§ **REQUIREMENT**: Each line of data below is to be returned exactly, leaving out any picture.

§ **COLLECTED MATERIAL**:
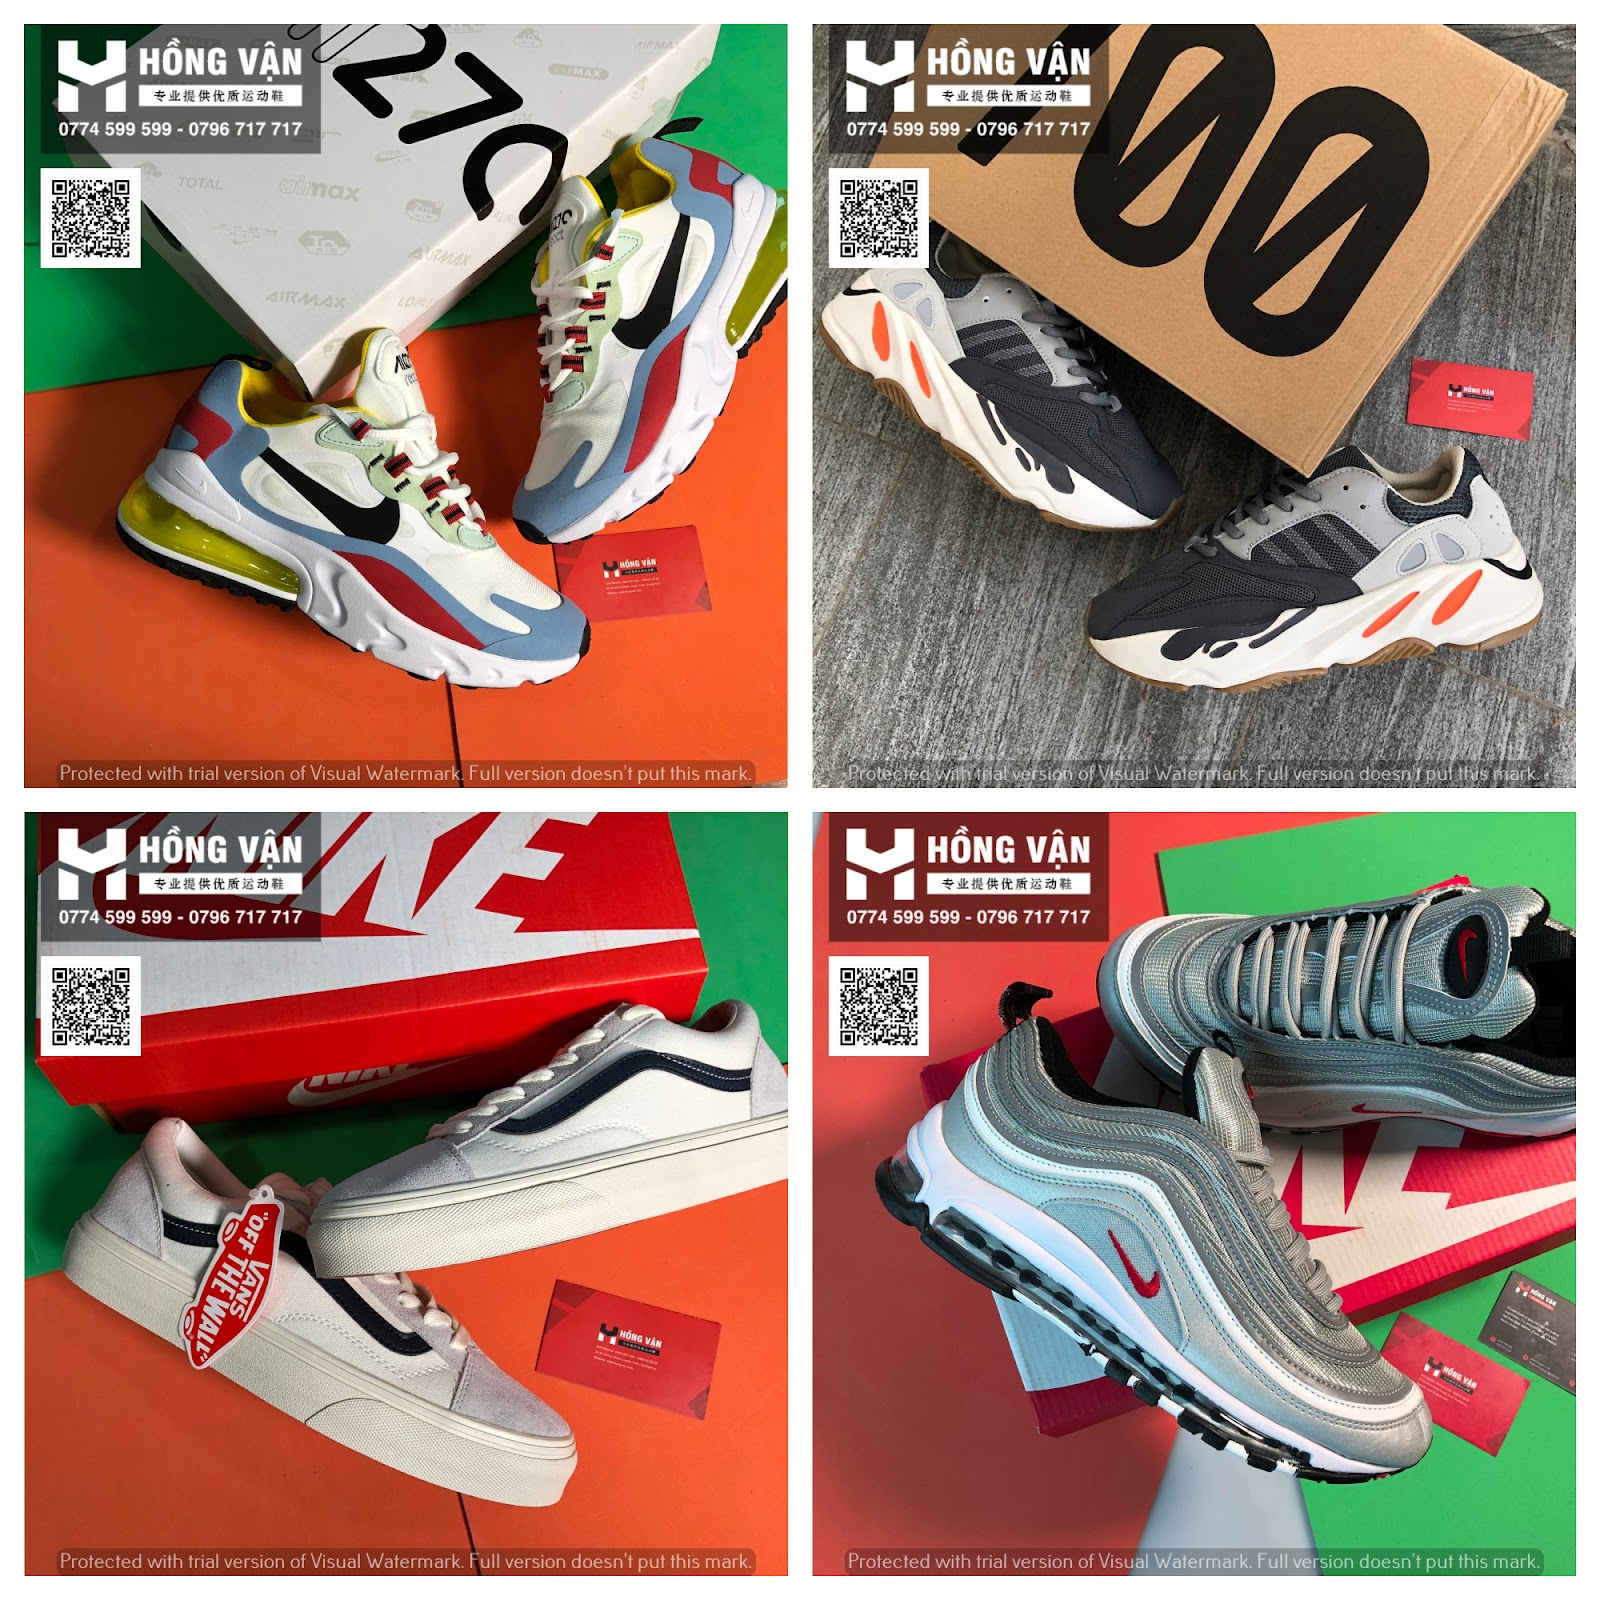 Hồng Vận - Tổng buôn sỉ giày thể thao chất lượng , uy tín   hình thật 100
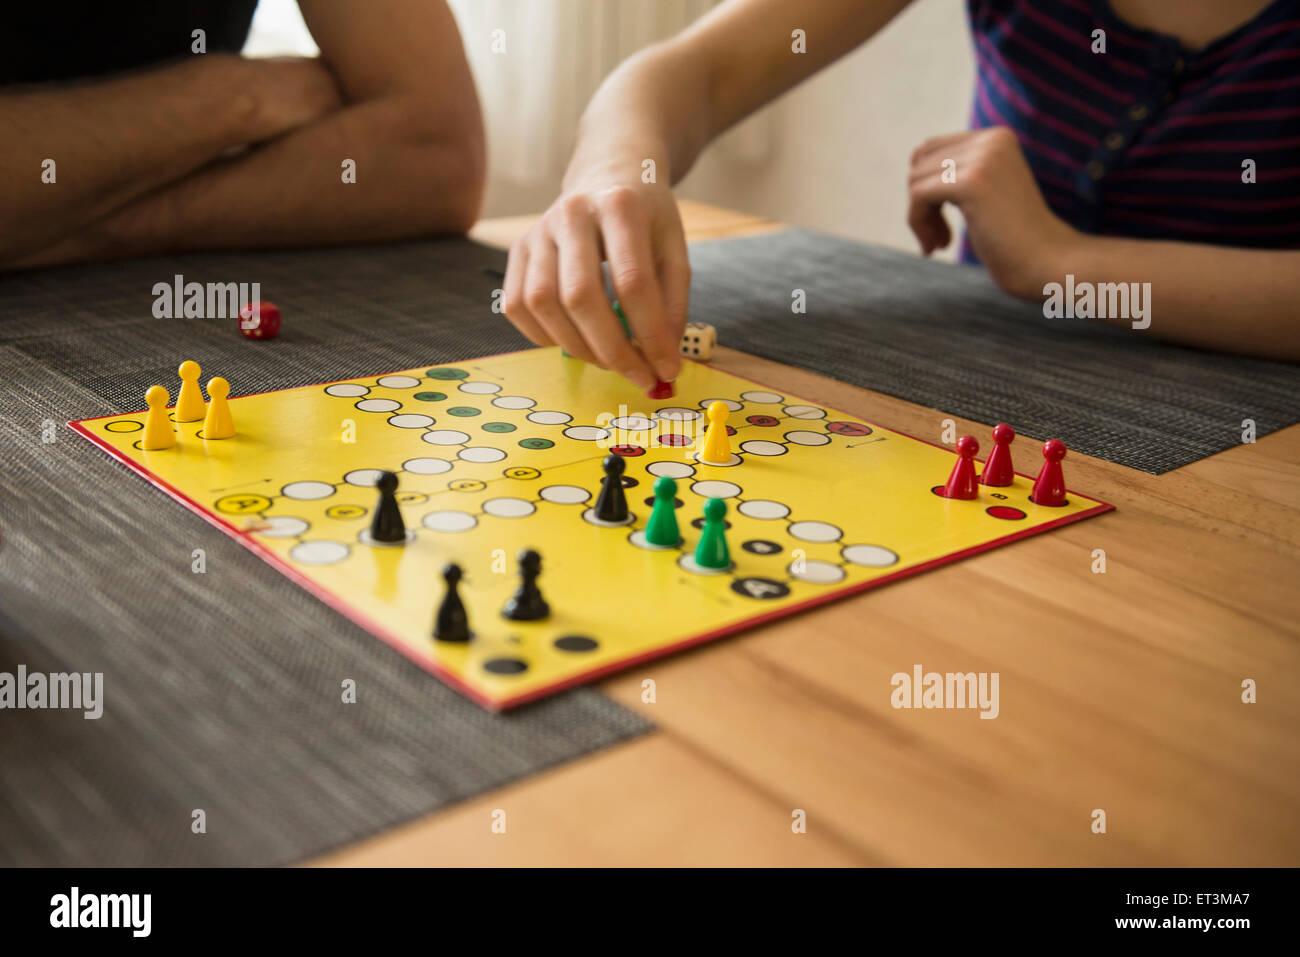 Mittelteil von Vater und Tochter spielen ein Brettspiel, Bayern, Deutschland Stockbild
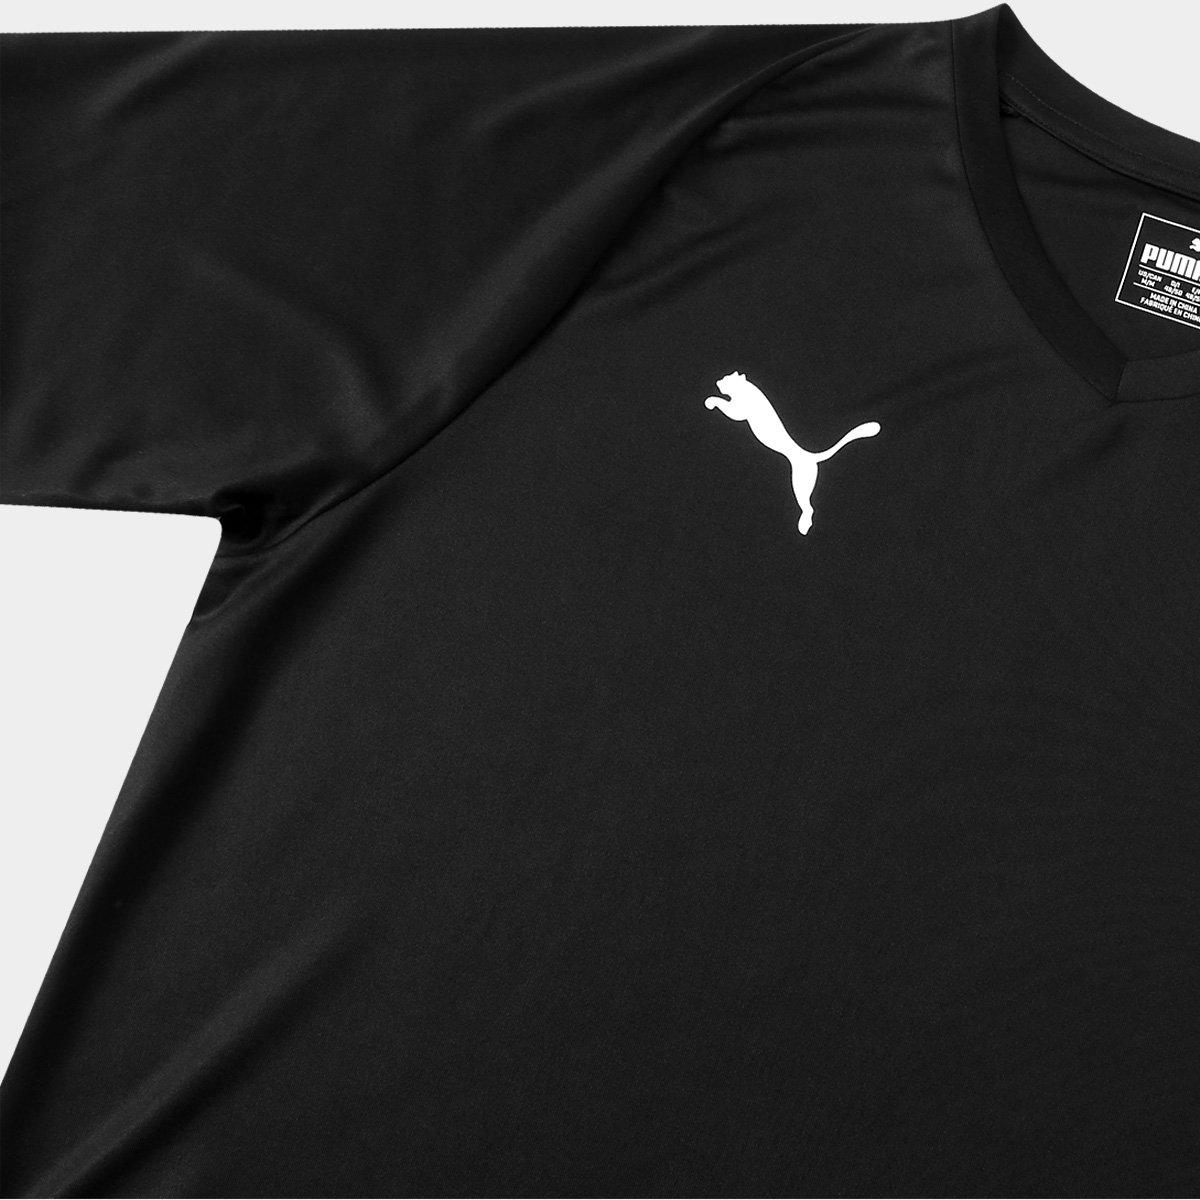 Camisa Puma Liga Jersey Core Masculina - Preto e Branco - Compre ... 9fc19822e29d

§ **EXERCISE RESPONSE**:
 Hồng Vận - Tổng buôn sỉ giày thể thao chất lượng , uy tín   hình thật 100
 Mittelteil von Vater und Tochter spielen ein Brettspiel, Bayern, Deutschland Stockbild
 Camisa Puma Liga Jersey Core Masculina - Preto e Branco - Compre ... 9fc19822e29d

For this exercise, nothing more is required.